───── Exercise data ─────

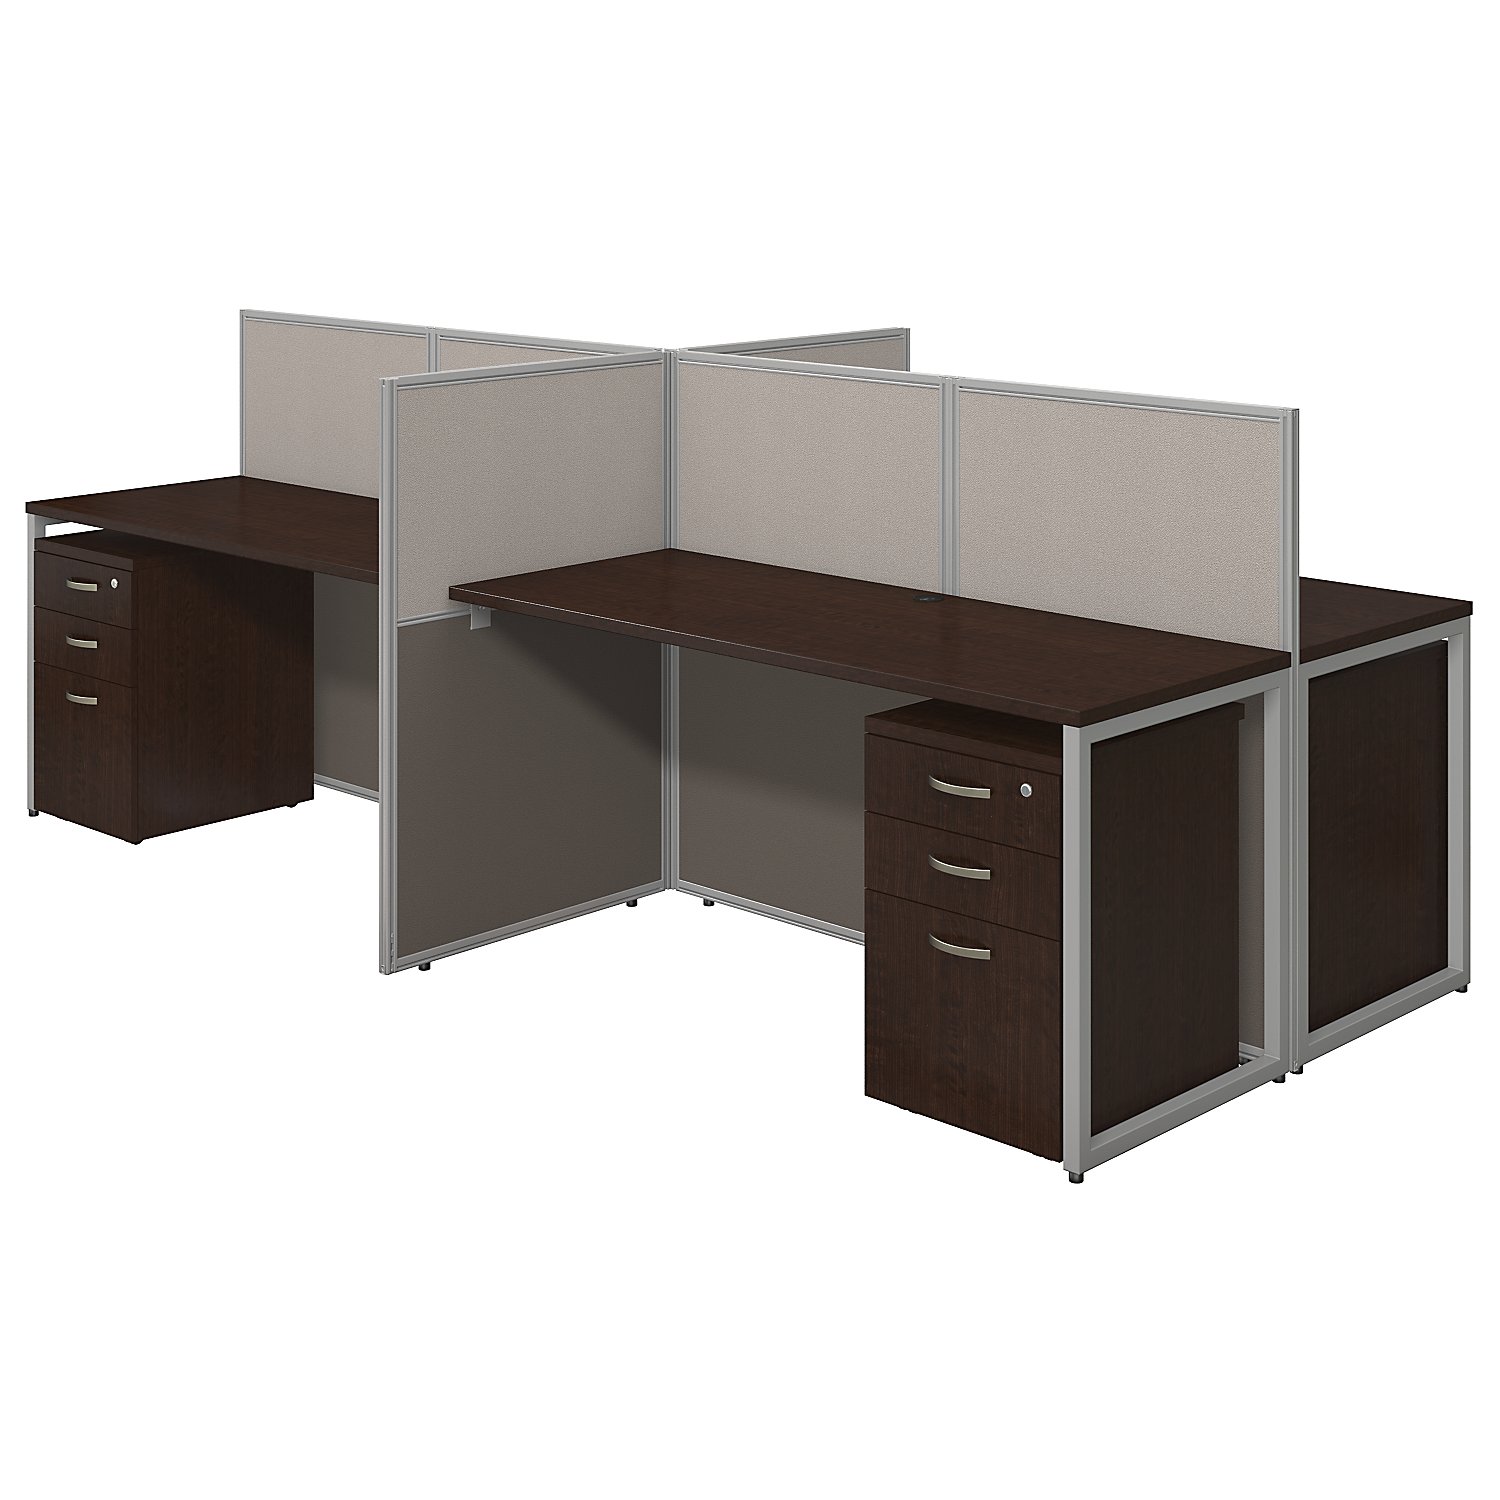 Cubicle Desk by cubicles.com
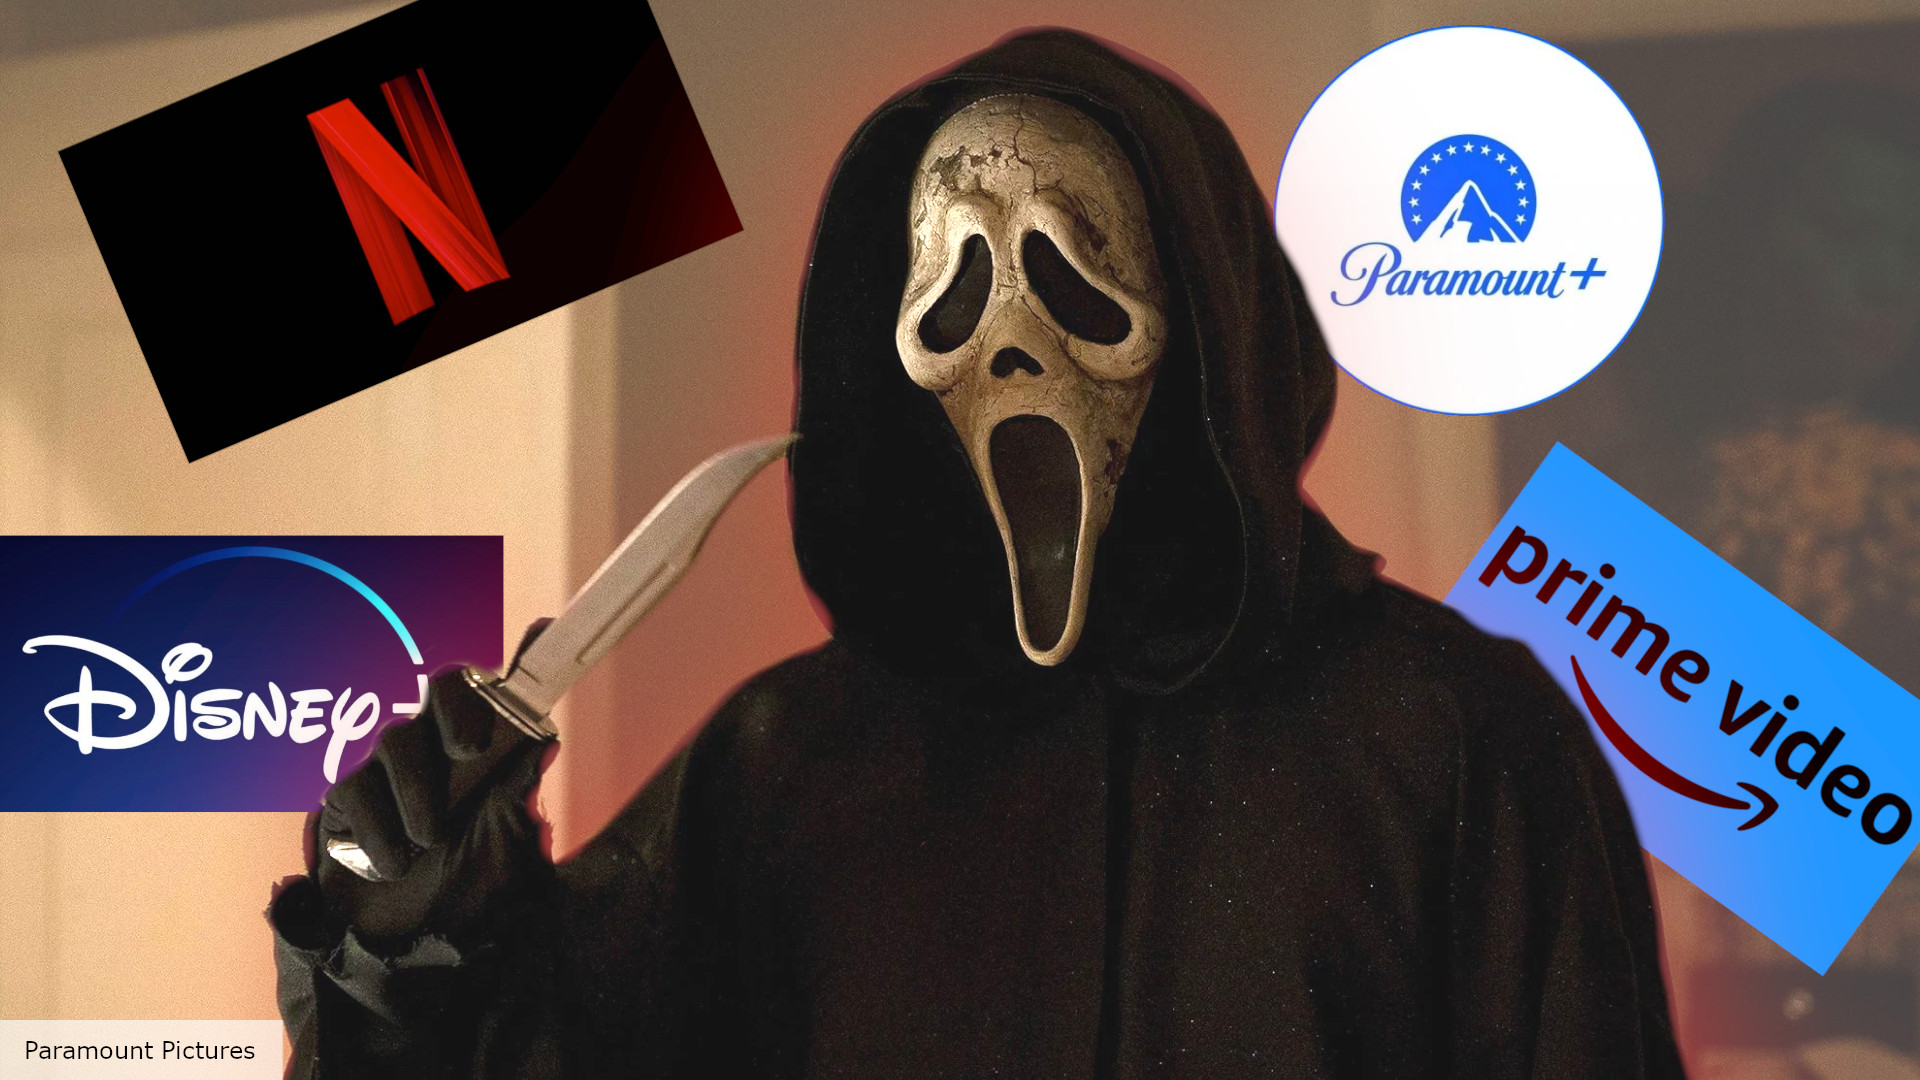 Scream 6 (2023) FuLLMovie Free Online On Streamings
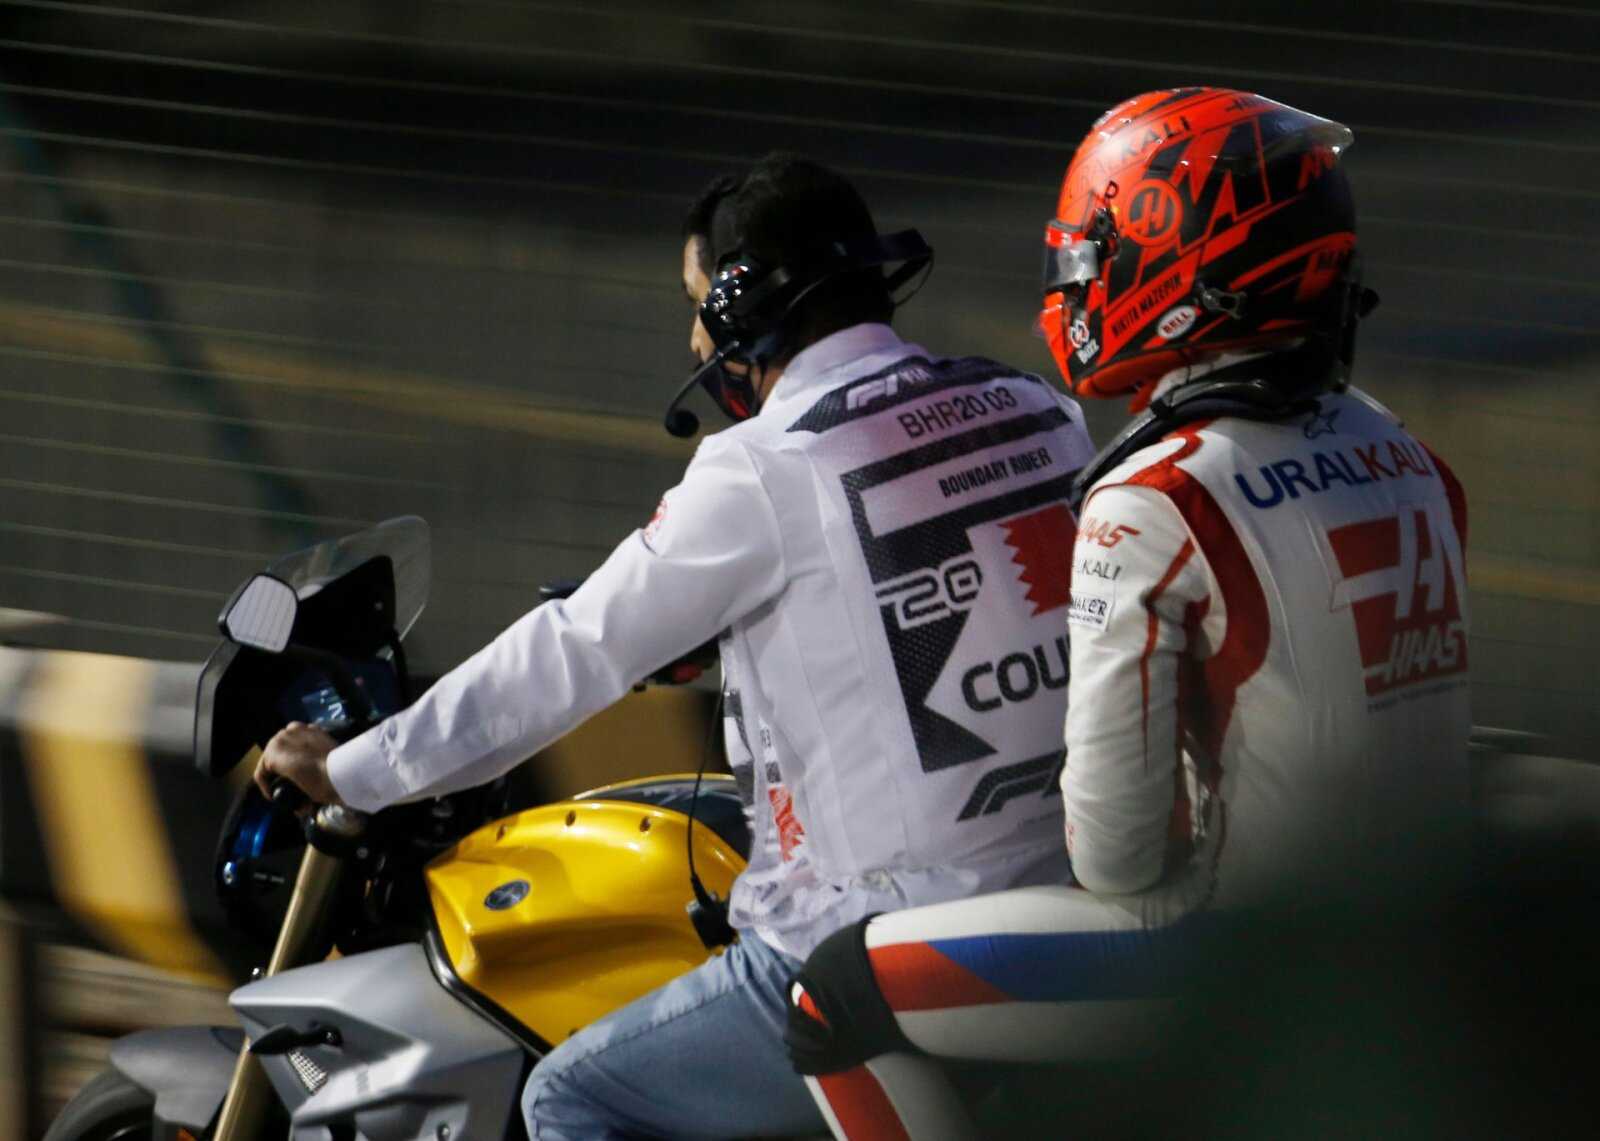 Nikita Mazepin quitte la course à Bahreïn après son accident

─────

Work item: The whole listing above, minus its pictures, is what you should write out word for word.

Exercise solution:
 Cubicle Desk by cubicles.com
 Scream 6 (2023) FuLLMovie Free Online On Streamings
 Nikita Mazepin quitte la course à Bahreïn après son accident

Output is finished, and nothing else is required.